As we continue to push for a universal database of information on pediatric cancers and other childhood diseases and disorders, we see tremendous value in this approach for fighting other conditions that strike in childhood, such as autism and attention deficit hyperactivity disorder (ADHD).
At Bridge To A Cure, we are dedicated to tearing down the five deadly barriers impeding the search for cures, with a focus on childhood cancer. Foremost among these, we advocate for creating robust databases and using artificial intelligence to find solutions.
The fact is, we need to be data smart when it comes to all diseases affecting kids.
Science is finally beginning to move in this direction on biomedical data related to cancer. For instance, St. Jude Children’s Research Hospital just released the most comprehensive analysis yet of the genomic alterations leading to cancer in children. This “pan-cancer analysis” revealed that only 45 percent of the mutated genes driving cancer in children are the same as the genes driving cancer in adults. The research affirms the need for pediatric-specific precision therapies, its authors say.
“The results really bring home the message that pediatric cancer patients are not small adults and their disease should not be treated as if that were the case,” said corresponding author Jinghui Zhang, Ph.D., chair of the St. Jude Department of Computational Biology.
This is a good reason why we need to invest more in fighting pediatric cancer, starting by creating a robust national database.
The Treehouse Childhood Cancer Initiative at UC Santa Cruz is working to see that genomic data on pediatric cancer is shared between institutions. David Haussler, professor and Scientific Director of the UC Santa Cruz Genomics Institute, founded the organization. He is also a principal investigator of the California Kids Cancer Comparison, which collaborates with other researchers and physicians across the US using large-scale bioinformatics to analyze patients’ tumors. Their goal is to “do the most complete analysis” of each child’s tumor genome, and “leave no stone unturned” when it comes to looking for possible drug targets, Haussler says.

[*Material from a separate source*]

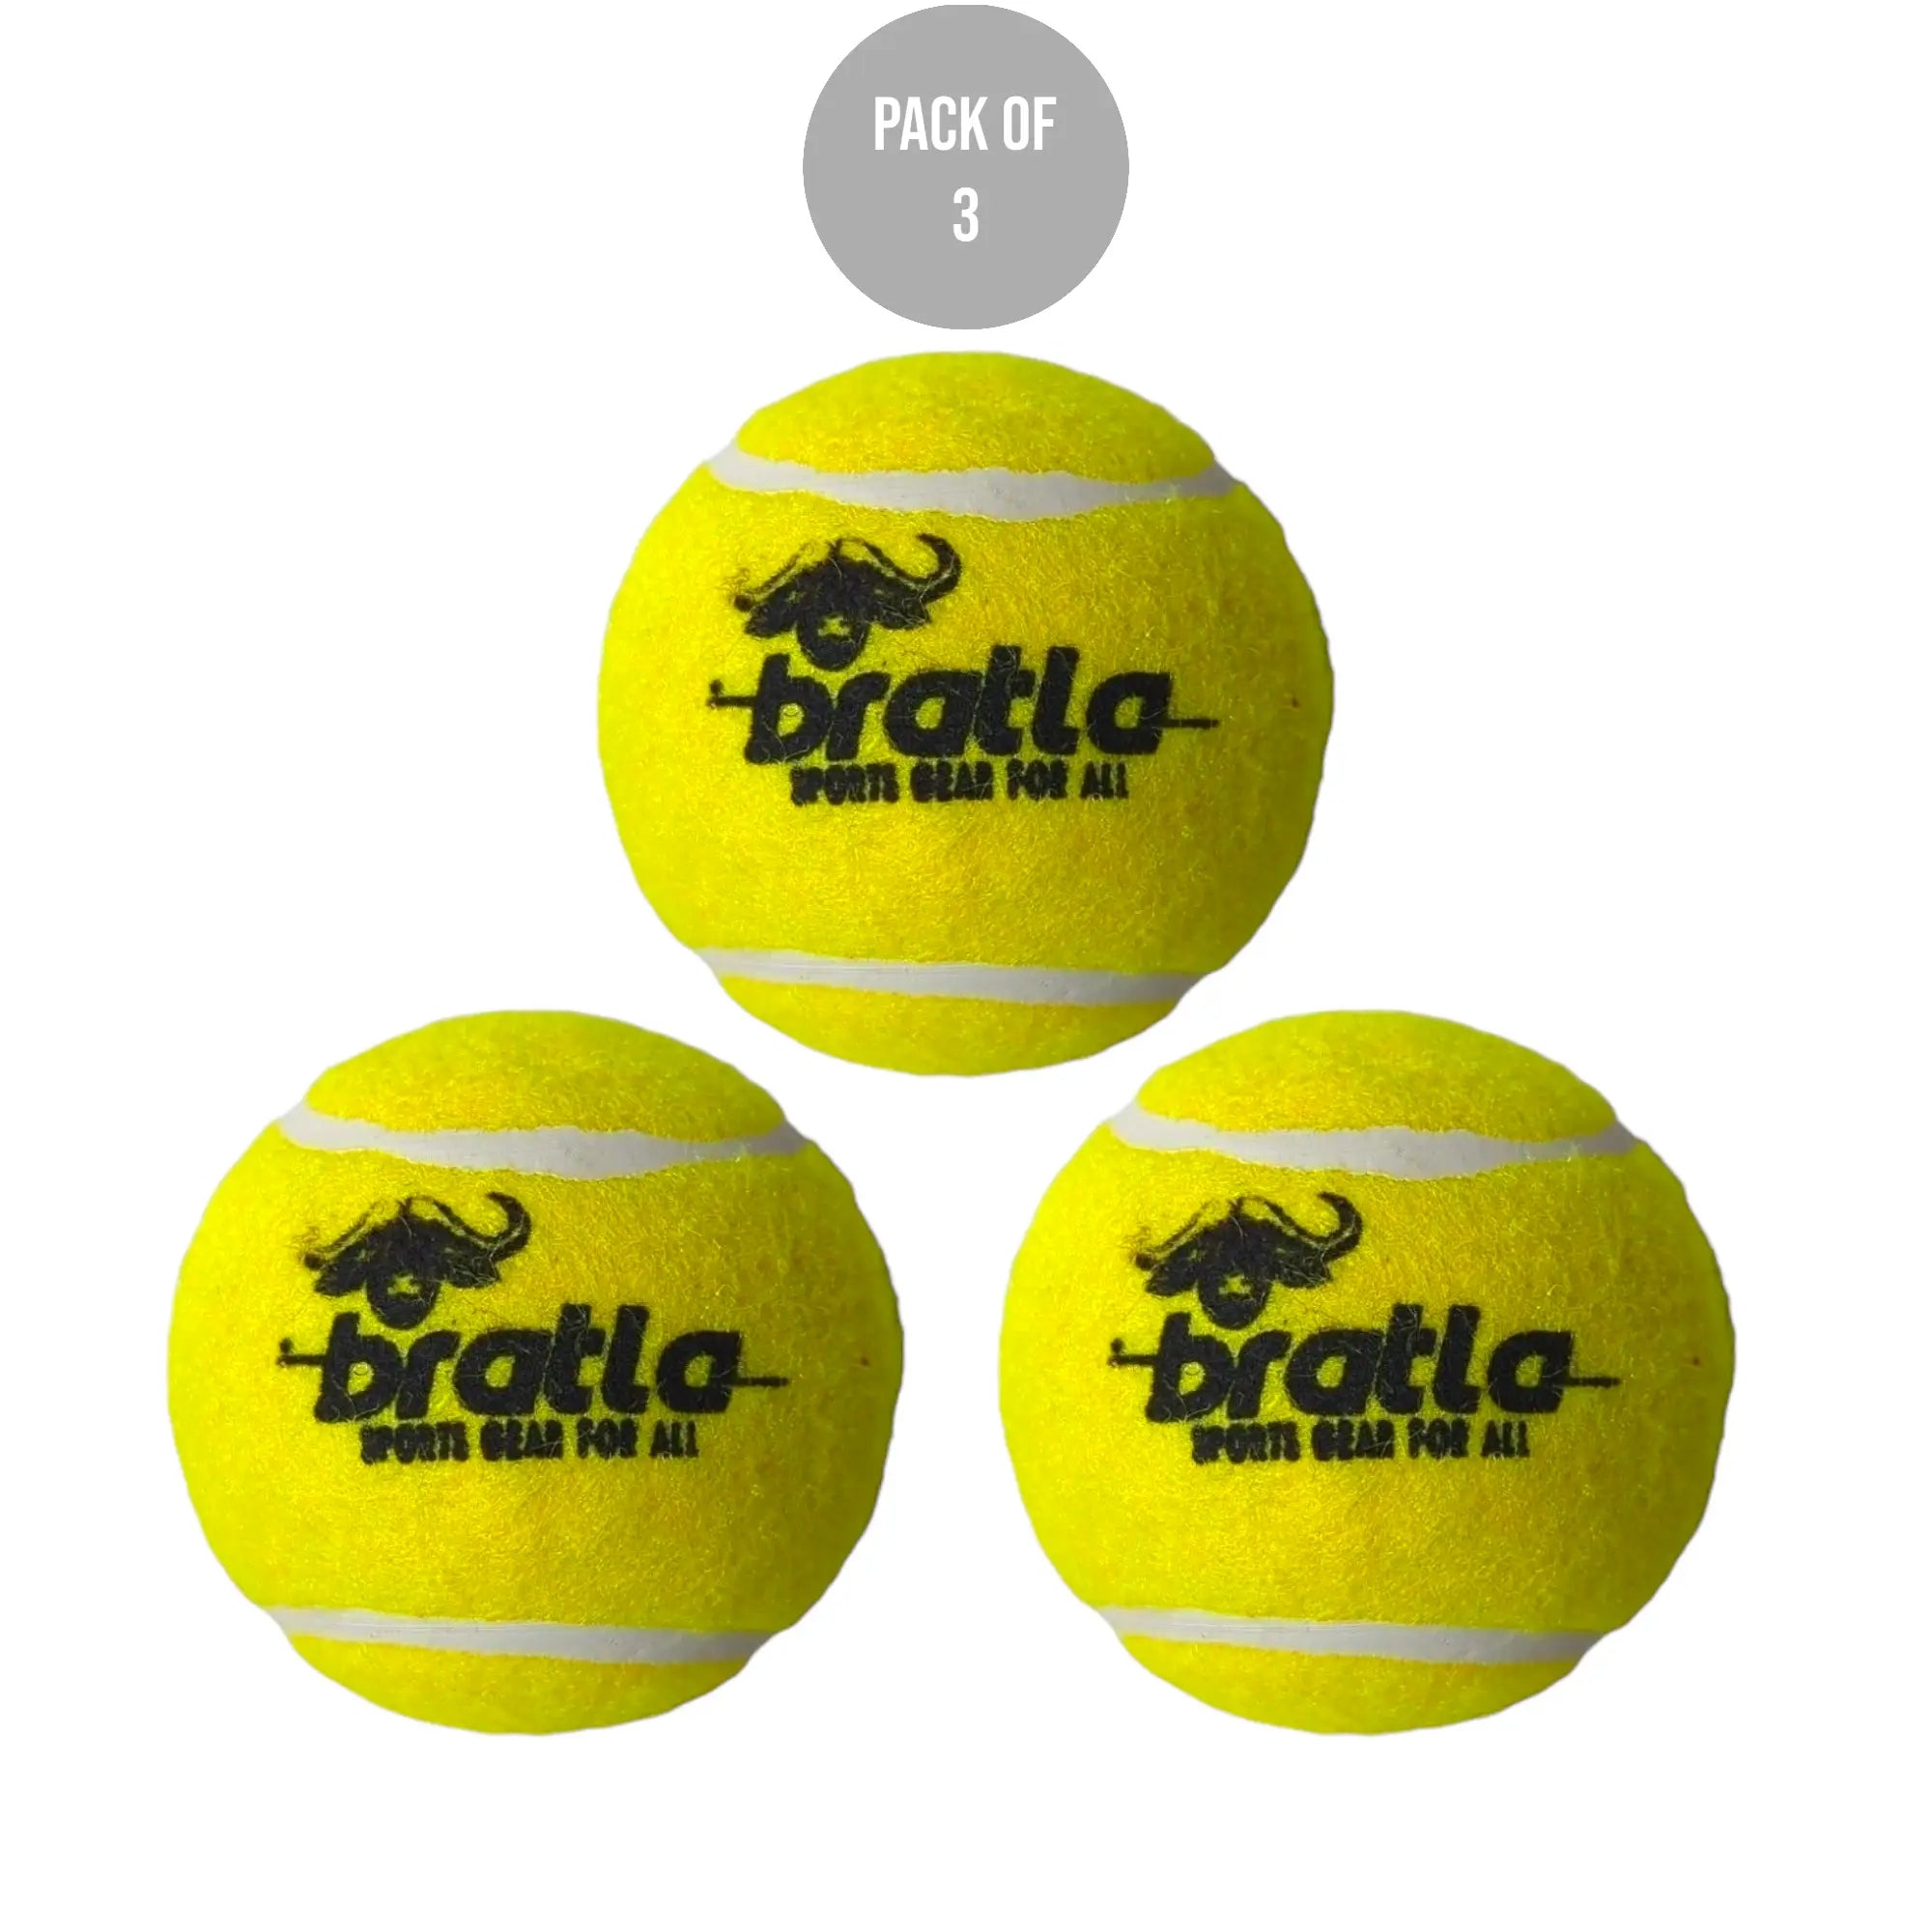 Bratla Pro Cricket Tennis Tape Ball Pack of 3 Lightweight - Pack of 3 - BALL - SOFTBALL
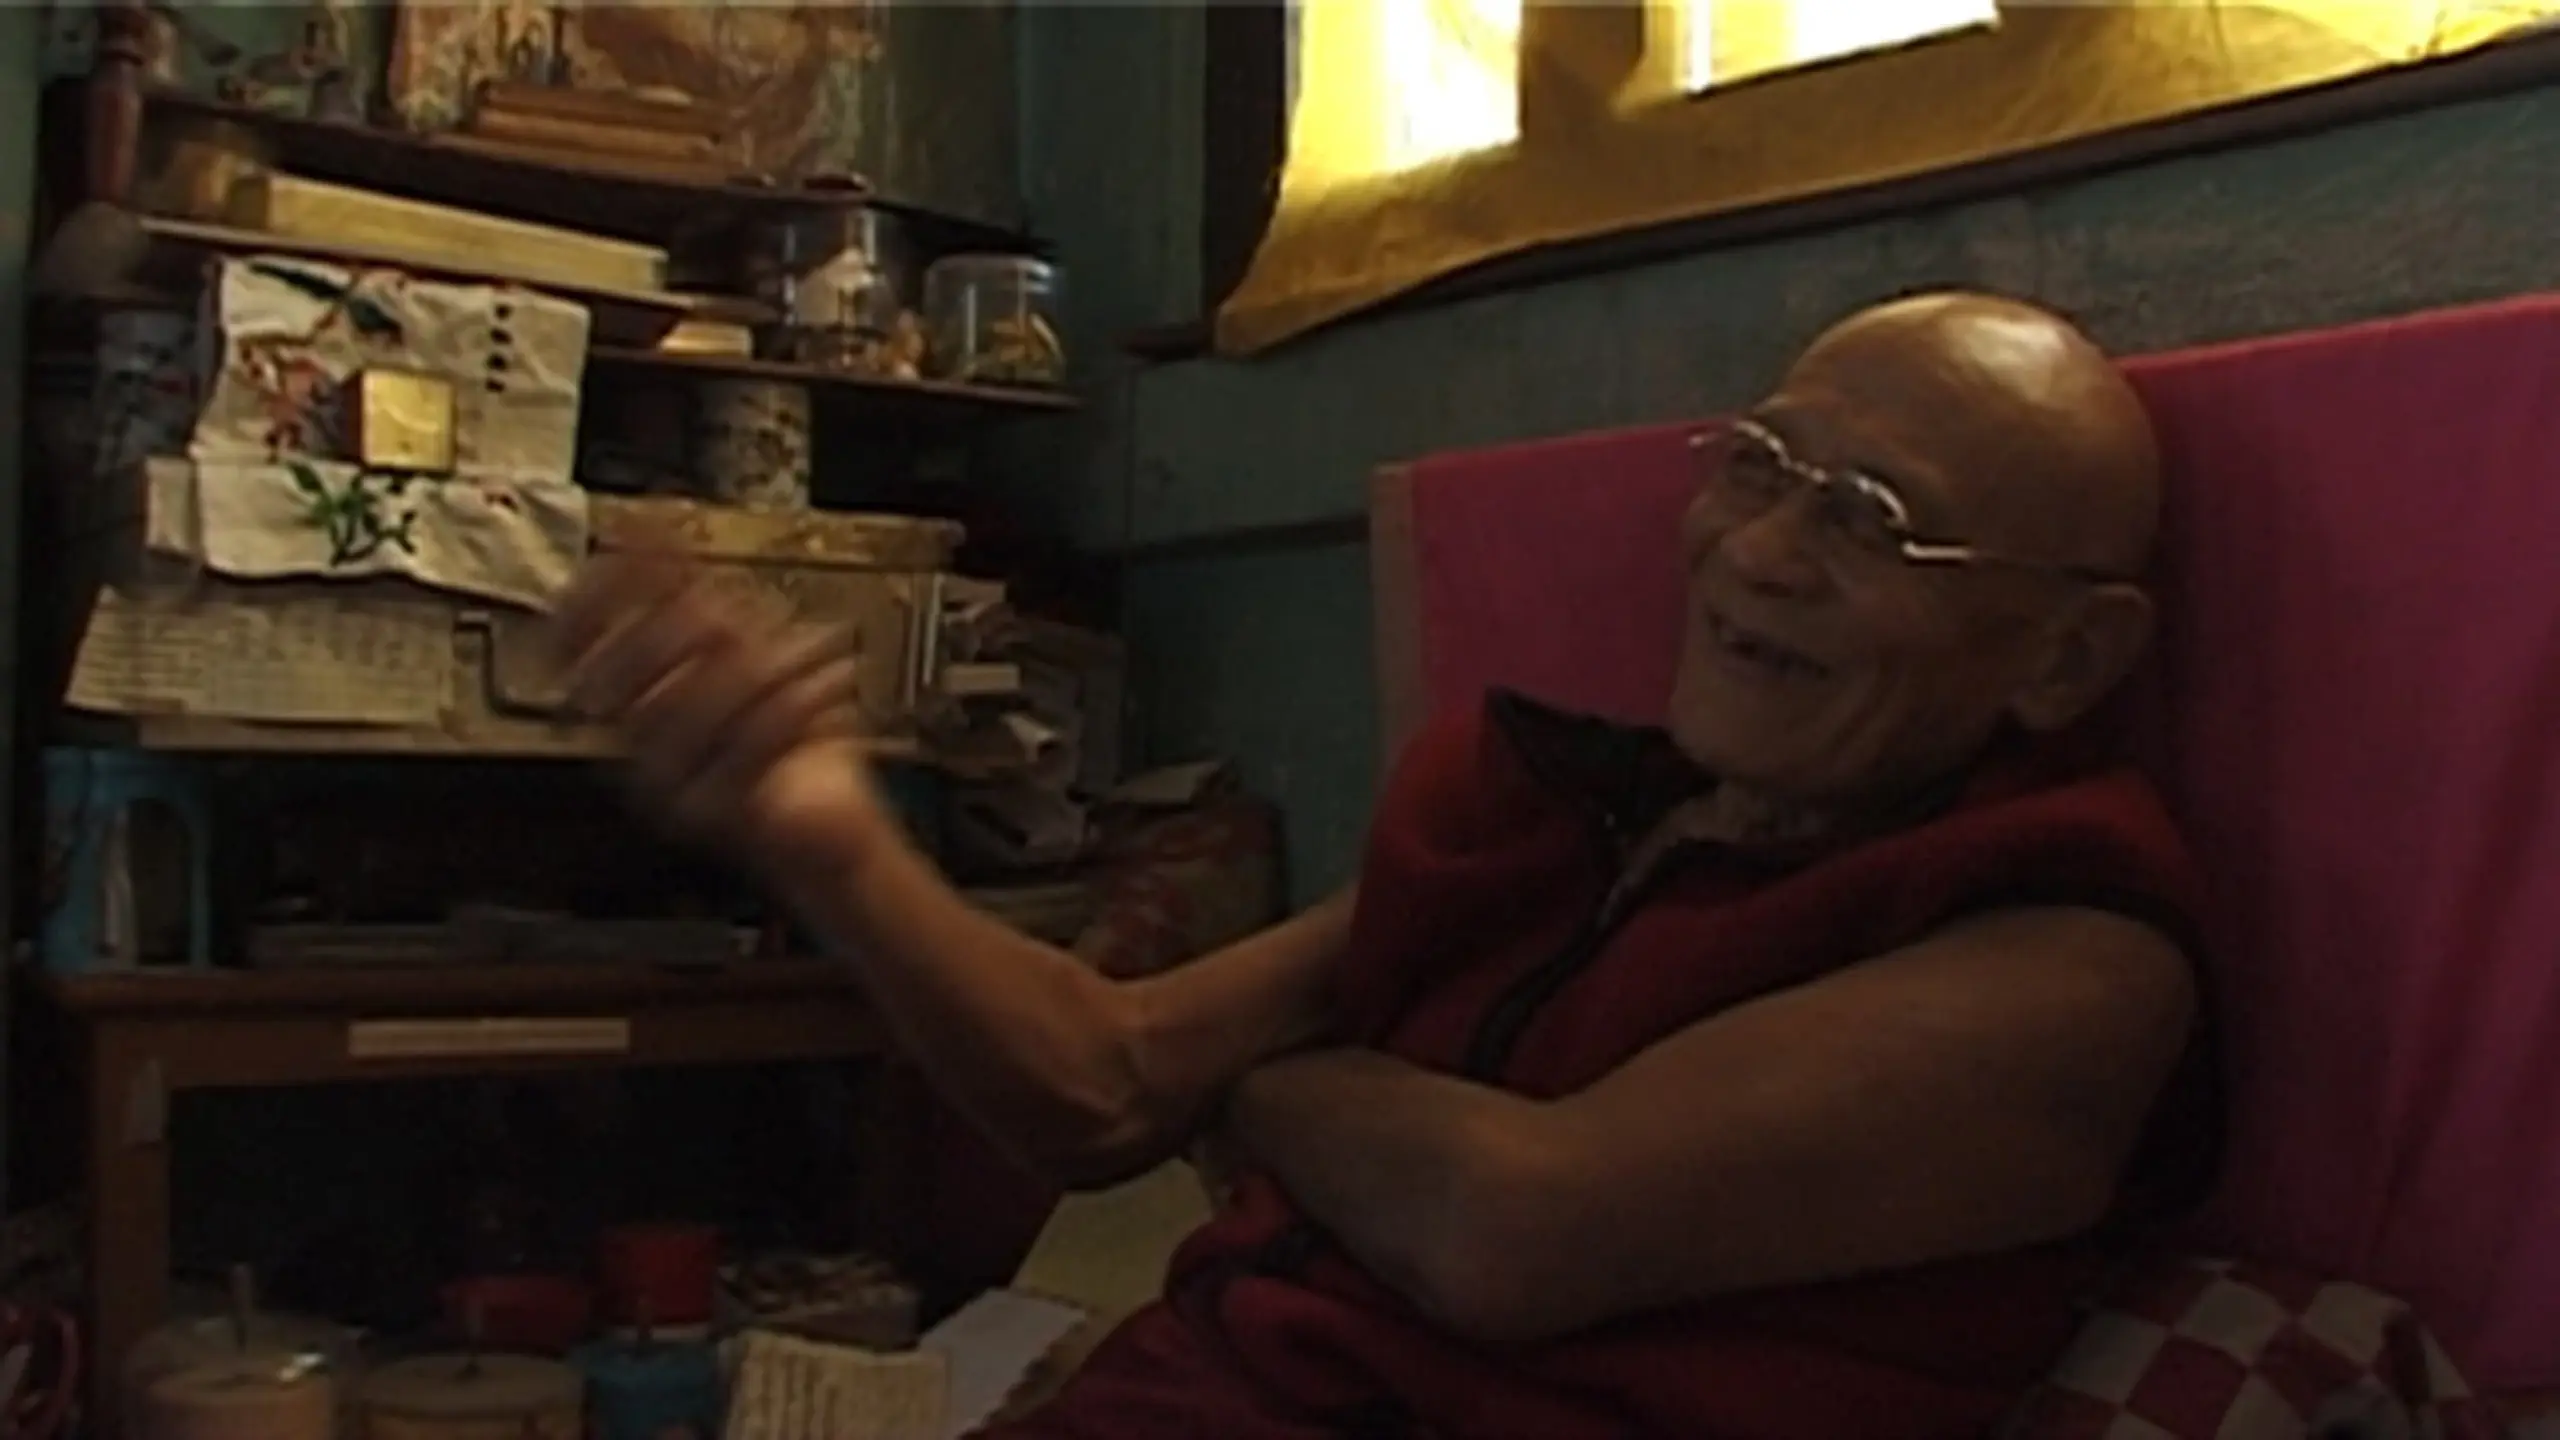 Angry Monk -- Reflections on Tibet

Sharing data is a terrific first step. But we also need to collect that data in one place and leverage the analytical capability of artificial intelligence and predictive algorithms to detect and cure cancer.
Dr. Samuel L. Volchenboum, an expert in pediatric cancers and blood disorders and director of the Center for Research Informatics at the University of Chicago, is among those working to compile cancer data.
“Ultimately, the goal is to have data collected all over the world using standardized data dictionaries and then making those data available in a de-identified format to the worldwide research community for study,” he said in an article in TechnologyNetworks.com. “Of course, there are myriad issues with doing this – everything from lack of data standards, to worries about security and privacy, to issues with data embargo and proprietary claims. But these issues are surmountable, and I continue to be highly optimistic about our success.”
According to Volchenboum, we have a long way to go before the data are actually collected in a standardized fashion, and shared.
“Of course, there must be an incentive for a clinician or researcher to share their data,” he said. “There must be the right kind of governance in place to assure data contributors that the data will be kept safe and shared only under appropriate conditions and with the proper attribution. This is one of the most thorny areas and must be addressed through data sharing agreements.”
His comments underscore some of the challenges to establishing a truly universal database to fight childhood cancer.
But, as he notes, these barriers are “surmountable.” So we must overcome them.
Leaders in bioinformatics such as Haussler and Volchenboum see the need to share universal, standardized data in the fight against childhood cancer. This approach is ripe for tackling all diseases that strike in childhood, including asthma, diabetes, cystic fibrosis, and conditions from autism to ADHD.
While we are at it, we could (and should) enlist big data and artificial intelligence to combat problems such as bullying, and help identify children who are at risk of violent behavior so that we can get them help before they cause harm to themselves or others.
Pulling together research, patient information, epidemiology, and hard data on alternative as well as conventional treatments is the key to harnessing the technological power that is now at our fingertips. We need leaders in government and medical science to see the potential we now hold in our hands, and tear down the barriers to life-saving treatments.